KUALA LUMPUR (July 31): Pavilion Real Estate Investment Trust (Pavilion REIT) saw its second quarter (ending June 30, 2015) distributable income rise 6.5% year-on-year to RM61.18 million from RM57.46 million, mainly on higher rental from asset-enhancement areas.

This translates to a distribution per unit (DPU) of 2.03 sen compared to 1.9 sen a year ago, according to Pavilion REIT’s filing with Bursa Malaysia yesterday.

This brings its proposed interim income distribution for the six months ending June 30 to 4.09 sen per unit (payable on Sept 8) compared to 3.84 sen per unit in 1HFY14.

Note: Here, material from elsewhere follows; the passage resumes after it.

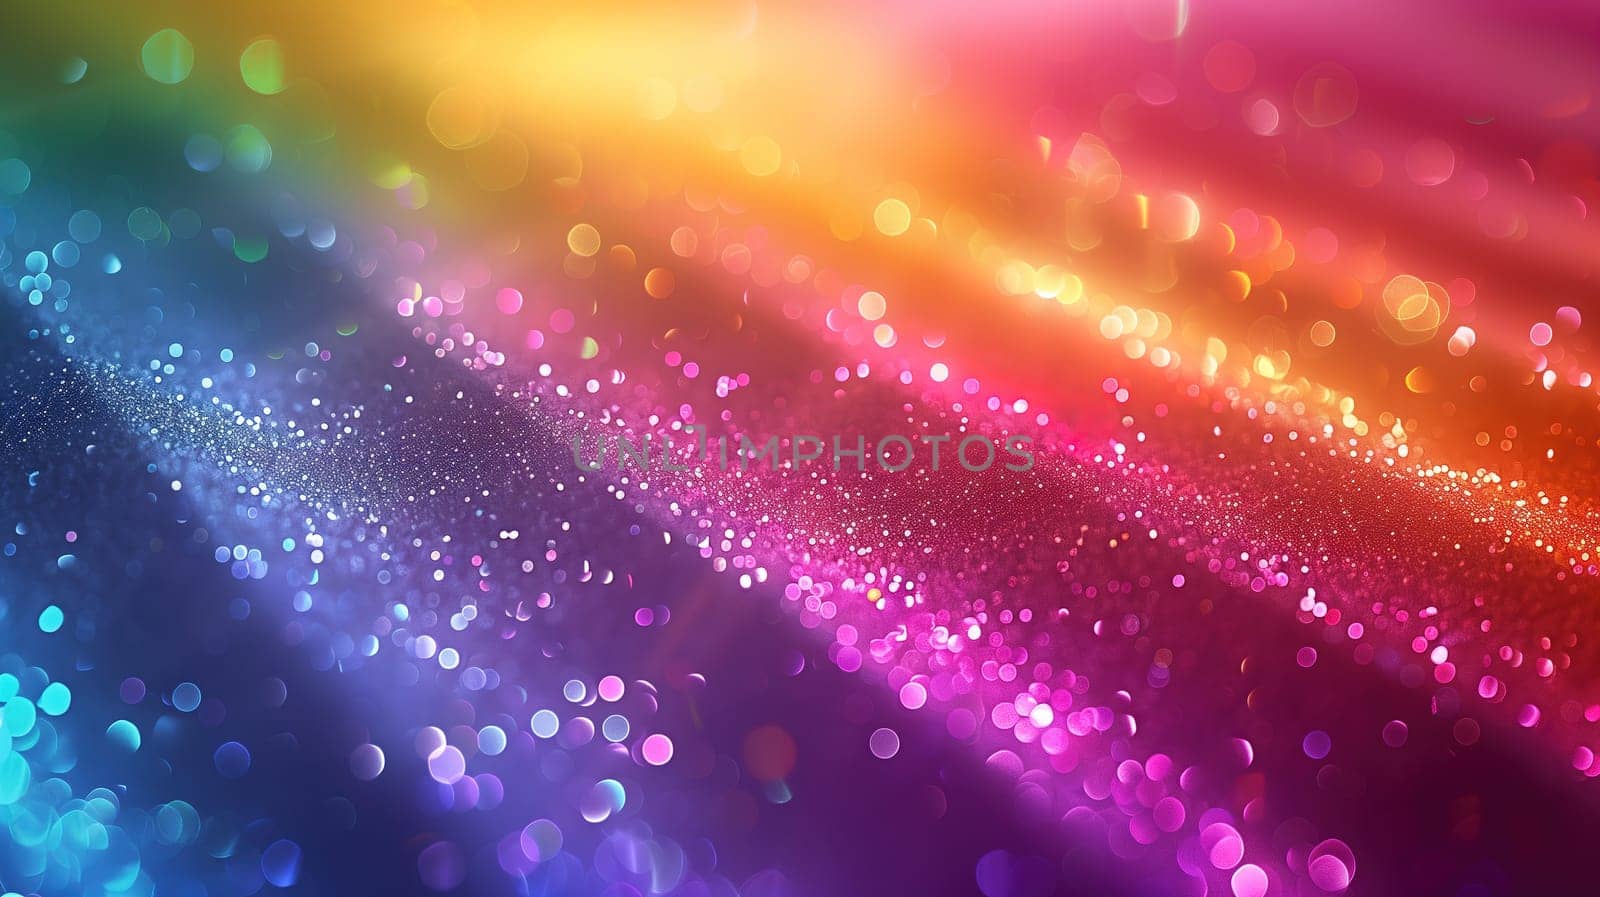 Rainbow Colored Background With Bubbles by TRMK
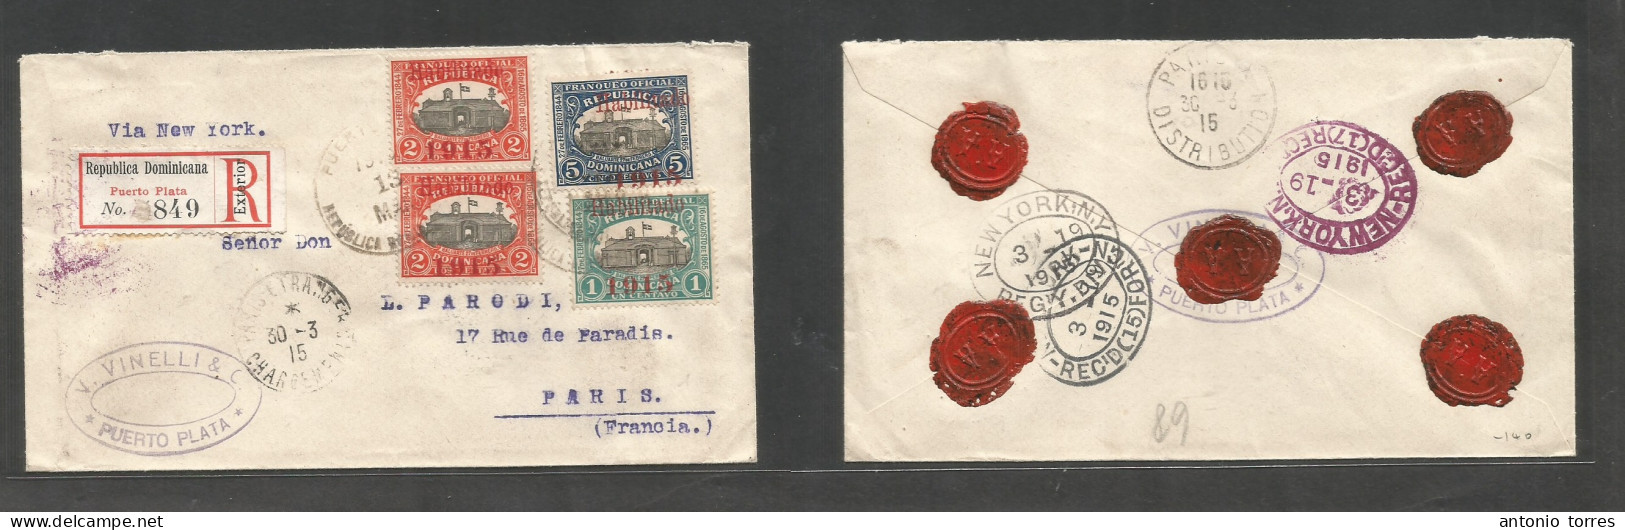 Dominican Rep. 1915 (13 March) 1915 Ovptd Issue. Puerto Plata - France, Paris (30 March) Registered Multifkd Env Via NYC - Dominican Republic

Pavilion REIT said its gross revenue for the quarter was RM102.87 million, up 4.3% y-o-y from RM98.68 million, mainly due to rental from 2014’s asset-enhancement areas such as Beauty Precint, extension of "Coutre Pavilion" at Level 2 and Dining Loft at Level 7.

Quarterly net property income was higher by 5.8% at RM70.16 million compared with RM66.3 million in 2QFY14.

Meanwhile, its 1HFY15 distributable income rose 6.6% to RM123.52 million from RM115.89 million, revenue was up 4.3% to RM207.99 million from RM199.89 a year earlier.

Net income for 1HFY15 was at RM144.84 million, up 5.9% from RM136.75 million in 1HFY14.

On prospects, Pavilion REIT said said weak consumer sentiment continues to be felt after the implementation of the Goods and Services Tax in April.

“Indirectly, the world and country events also causes concerns that lead to the weakening of ringgit.

“Therefore, more marketing efforts would be held to attract local and foreign shoppers to encourage retail spending. With the soft office market condition, continuous efforts will be put in to increase occupancy to at least 98% by the end of this year,” it added.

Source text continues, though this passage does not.